Good call FB! Never noticed that.....


----------



## JCraver (Oct 10, 2014)

Rick18071 said:
			
		

> We us*e* this:www.awc.org/publications/dca/dca6/dca6-09.pdf
> 
> Based on the 2009 International Residential Code ...
> 
> This is easy to use and I ask home owners _*(and contractors)*_ to download it for themsel*ve*s.


X2.  And I fixed that for you.


----------



## jar546 (Oct 10, 2014)

The IRC span tables are for dry applications and were never designed for exterior decks.

The IRC clearly points you to the WFCM/NDS in many instances but I still know guys that don't own a WFCM

If you don't own a WFCM or use the DCA-6 (changed in July 2013 due to SYP problems) then I don't know how you are actually doing your job.

The bottom line is that wet use tables and adjustments are necessary AND you should not be using those tables in the IRC for wet use decks.

Every year I rant about this.  But still…………………….


----------



## fatboy (Oct 10, 2014)

I've been in the jurisdiction since 97, and we have had one deck failure, and it was due to detachment at the ledger/structure. Have worked locally in the trades back to 76, have never heard of a deck failure due to overspanned joists/beams here.


----------



## mtlogcabin (Oct 10, 2014)

There are plenty of charts to choose from within the IRC that will work. Personally I would not use the floor span charts for a deck I would use Table R802.5.1(7) since the deck is exposed to the additional snow loads and snow drifting that the IRC does not even address.

In reality we use StruCalc  and don't bother with the Tables when checking spans.


----------



## jar546 (Oct 10, 2014)

fatboy said:
			
		

> I've been in the jurisdiction since 97, and we have had one deck failure, and it was due to detachment at the ledger/structure. Have worked locally in the trades back to 76, have never heard of a deck failure due to overspanned joists/beams here.


Not the point.  Not the point at all.

Do you want to continue to set precedence with picking and choosing what codes you enforce.

That excuse is as bad as "I've been doing it that way for 30 years" which we hear all too often.


----------



## steveray (Oct 10, 2014)

Jeff.....Where in the IRC does it say that the tables do not cover exterior decks? Or that they are for dry use only? He provided a clear code path to use those charts for a deck. It's not what I do, but 502.3.2 seems to cover it....Table 502.3.3(2) specifically references balconies and there is no mention of wet or dry....


----------



## mjesse (Oct 10, 2014)

steveray said:
			
		

> Jeff.....Where in the IRC does it say that the tables do not cover exterior decks?

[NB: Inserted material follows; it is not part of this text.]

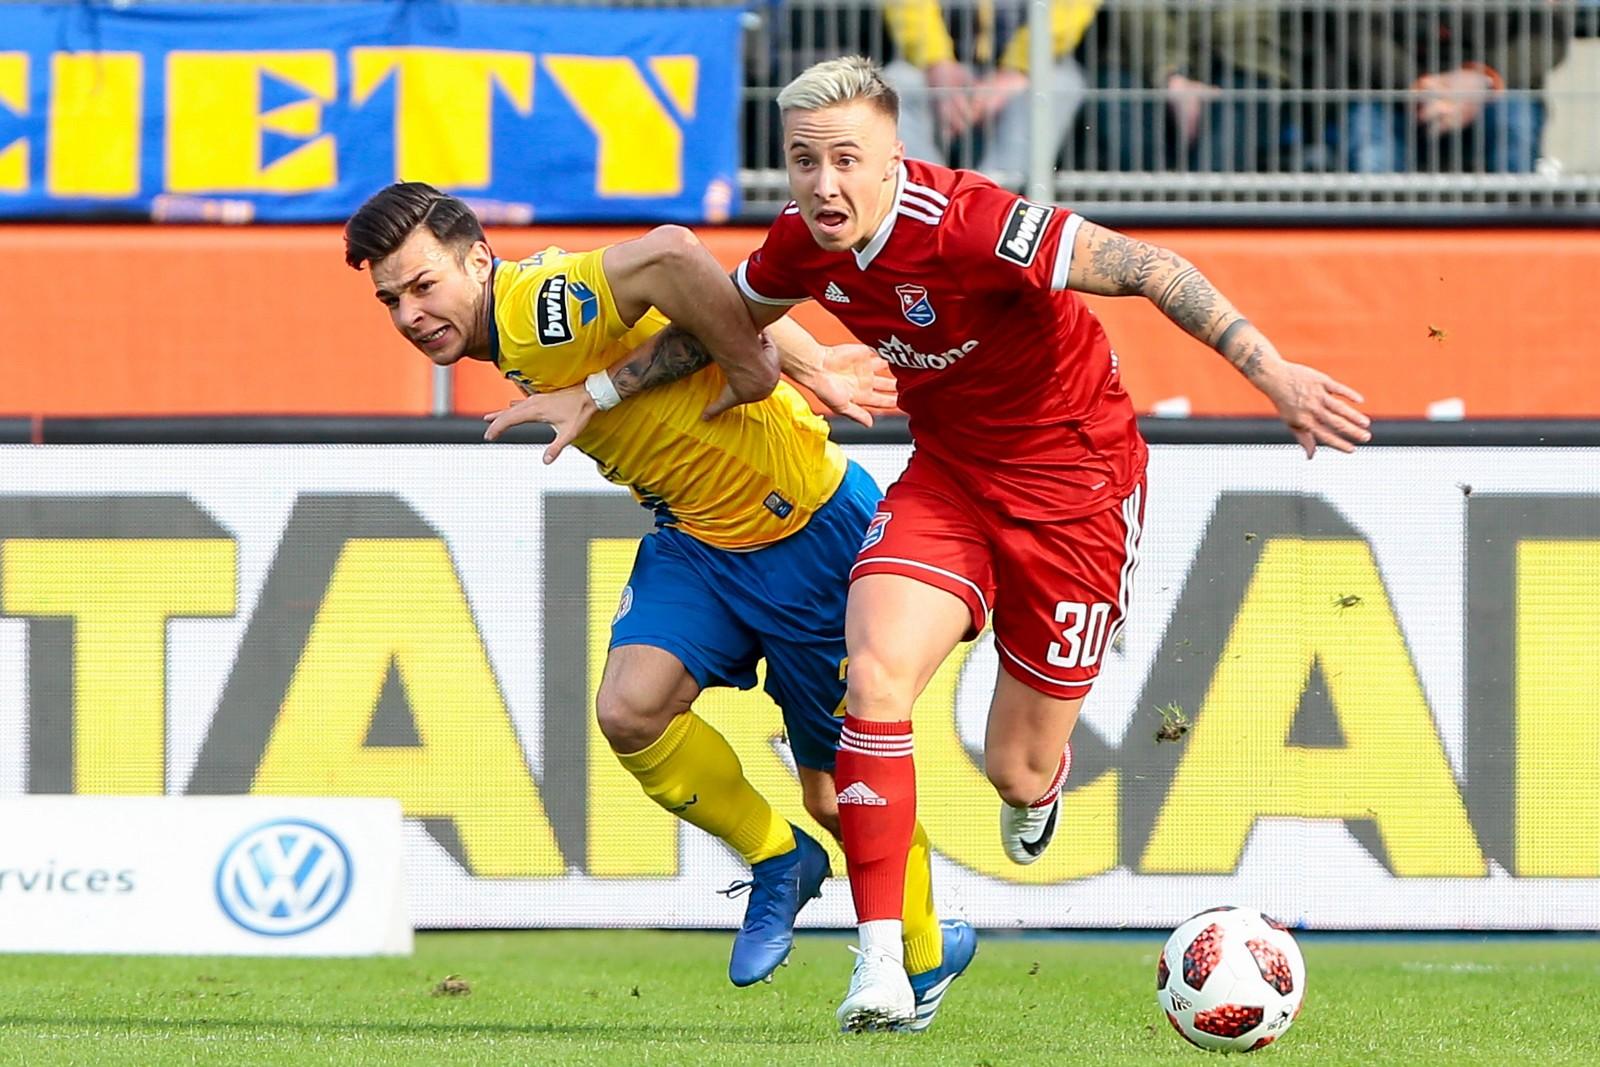 Luca Marseiler (r.) im Spiel Unterhaching gegen Braunschweig.

Or that they are for dry use only?


"Cuz he said so, and he's been saying so for 30 years. :devil

opcorn

As a point of reference: 2009 IRC Table 502.3.1 (2) Dead load 20 psf lists a 2x10 #2 syp 16" o.c. max span as 14' - 8"

The DCA-6 addendum published May 2009 list 2x10 sp 16" o.c max. span as 14" - 0"

That is pretty insignificant. And, as FB said, not likely to be a factor in a catastrophic failure


----------



## Francis Vineyard (Oct 10, 2014)

guess some will wait until the 2015 IRC  (thanks Glenn M.) s adopted or have your next edition amended; 2012 Virginia Residential Code.


----------



## Sifu (Oct 10, 2014)

I use DCA6.  It is also pretty handy as a hand-out.  While you might get a good answer for joist spans out of IRC I have yet to find a good answer for deck beams in the IRC so the DCA6 is a one stop shop for me.  It might be a little more conservative (especially on footings) but it is an easily referenced document.  I do occasionally use the WFCM but As JAR said, most people don't have it so I find it easier just to stay with the more easily understood "just for decks" manual.


----------



## jwilly3879 (Oct 10, 2014)

Try explaining to a homeowner that his Home Depot deck plan doesn't meet code because he is building in a jurisdiction with an 80psf ground snow load. His deck plan was from south Jersey.


----------



## fatboy (Oct 10, 2014)

I am not saying there are not conflicting charts, and in some parts of the country it may be better suited, and personally I like it...........point being, what is adopted? If I turn down a design, or inspection, based on DCA6, have I adopted it? No, I adopted the 2012 IRC, down in flames at the BOA.


----------



## fatboy (Oct 10, 2014)

I am not saying there are not conflicting charts, and in some parts of the country DCA6 may be better suited, and personally I like it...........point being, what is adopted? If I turn down a design, or inspection, based on DCA6, have I adopted it? No, I adopted the 2012 IRC, down in flames at the BOA.


----------



## Glenn (Oct 10, 2014)

Thanks, Francis.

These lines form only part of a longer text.